Ask HN: How many of you are doing algorithmic programming competitions? - sandaru1

Just wondering, how many of HN'ers are doing algorithmic programming competitions such as Topcoder, Google Codejam, IPSC<p>If you are doing those, are there any reasons besides fun?
======
bravura
In high school, I did the USACO programming competition. I was one of four or
five high school students chosen to represent the USA at the IOI
(international high-school programming competition, akin to the math
olympiad).

In college, I did the ACM collegiate programming competitions, and we placed
eighth in the world.

These competitions are useful to me now when I look for jobs, because I have a
Ph.D., and people assume that Ph.D.'s can't code. (This is actually, sadly,
true more often than you would expect.) So I can point to my programming
contest experience to demonstrate my ability to quickly determine the correct
algorithm and deliver correct, bug-free code under pressure.

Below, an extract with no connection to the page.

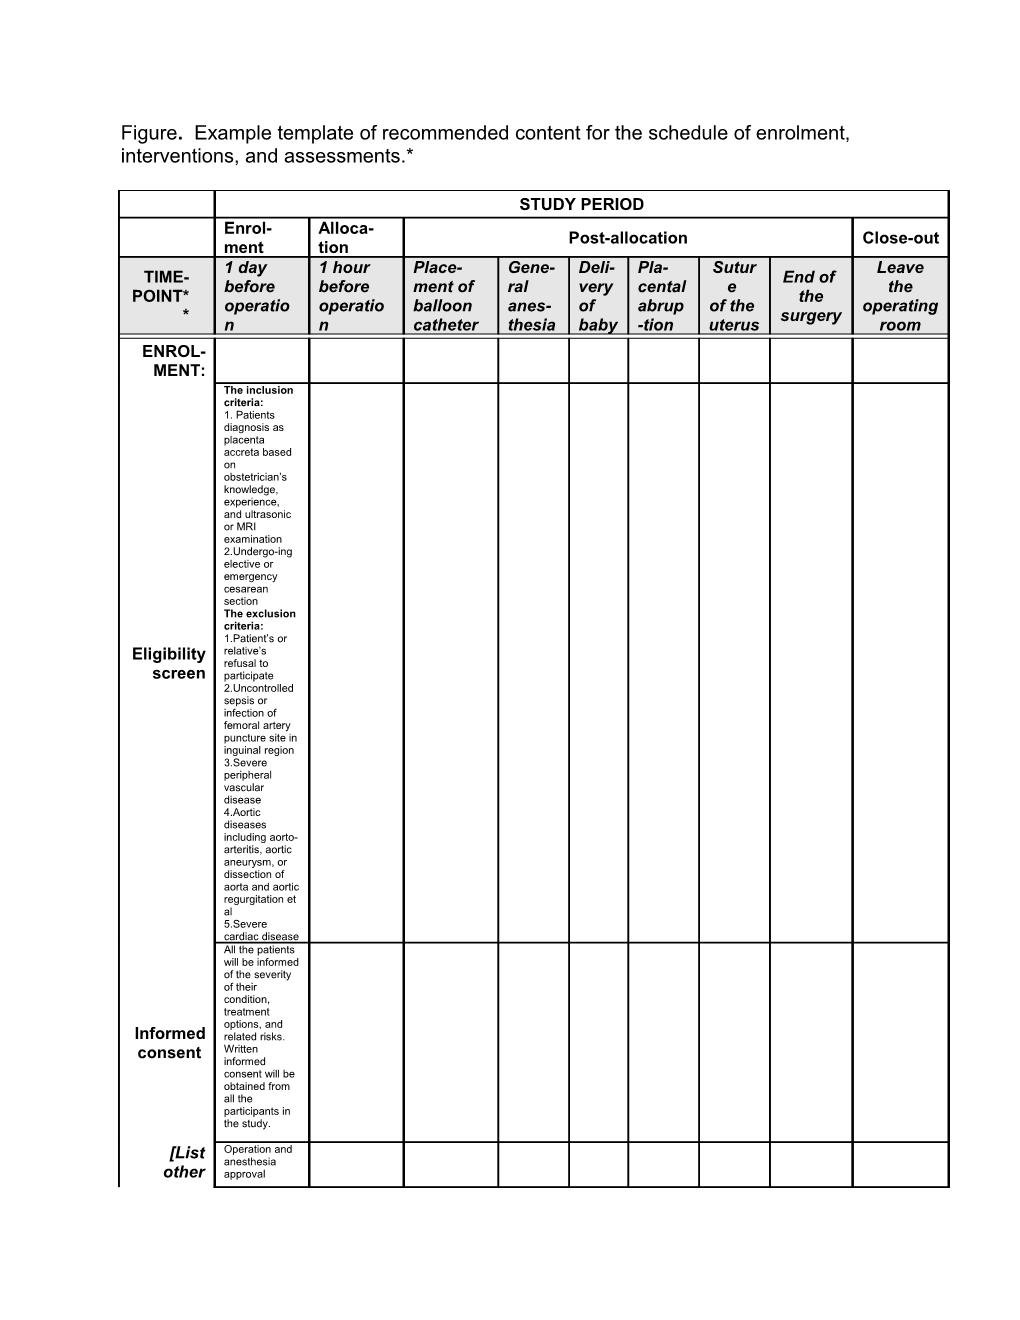 Figure. Example Template of Recommended Content for the Schedule of Enrolment, Interventions
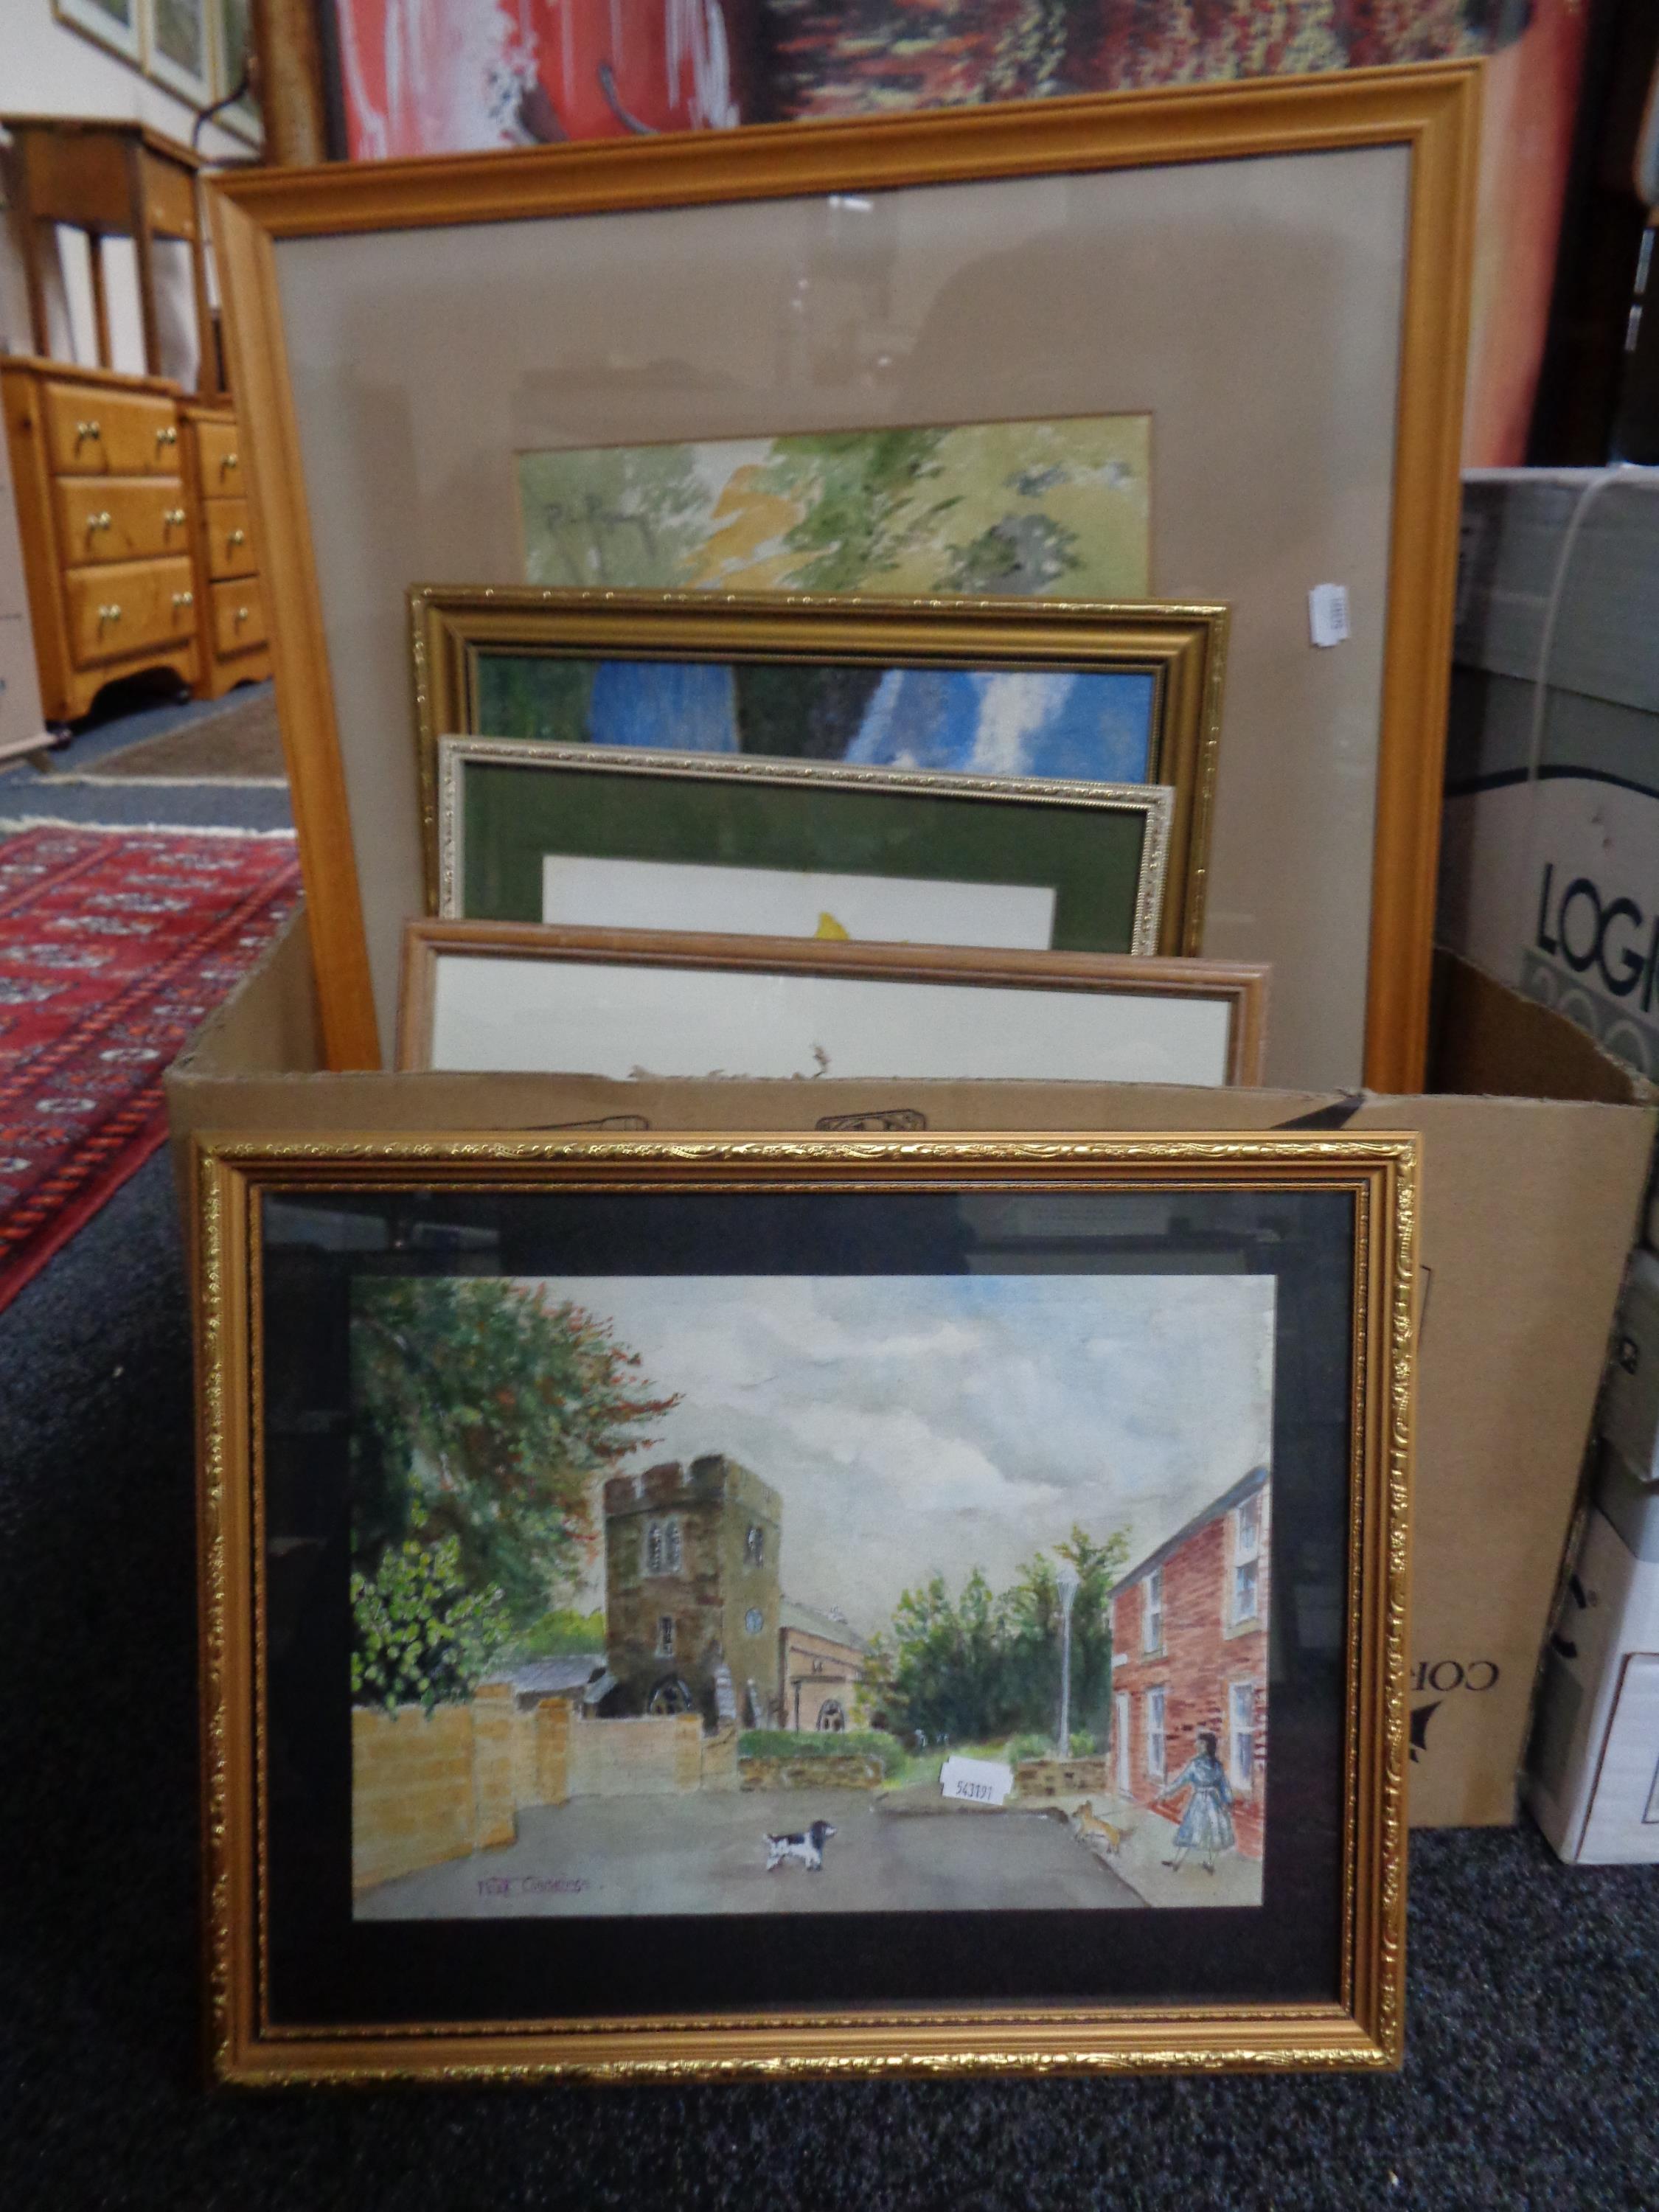 A box of assorted framed pictures and prints - Peter corbridge watercolour of St Marys

Additionally, in the ACM competitions, you get one terminal for three team
members. The general strategy is that you code on paper when you don't have
the terminal. At USACO training camp, we were did exercises coding on paper.

In general, an undisciplined coding instinct is to bust out code quickly,
favoring typing over thinking. This can lead to a lot of pain when you need to
change things, or need to debug. Coding on paper encourages good design, by
privileging thinking over typing.

Coding on paper is very useful. I won't dwell on the job thing, but since a
lot of job interviews involve coding on paper or on the whiteboard, it's a
useful skill. The more important thing is that coding on paper enforces a
certain programming disciplines, and teaches you to design things correctly
the first time. By "correctly", I don't mean "comprehensively", but rather in
such a way that if you do need to modify your code at a later date, or change
your design in some way, that it doesn't involve a lot of pain.

------
madmanslitany
I occasionally do Topcoder SRM's and Marathon Matches.

It's partly for fun, partly to keep myself in practice since I don't feel my
current job pushes me as hard intellectually. The pressure and problems are
also good interview practice--though, as a caveat, I feel that some of the
ways they structure problem inputs locks you into a certain way of thinking.
Though, that might be my own fault and means I should just switch languages
randomly during SRM practice to broaden my perspective.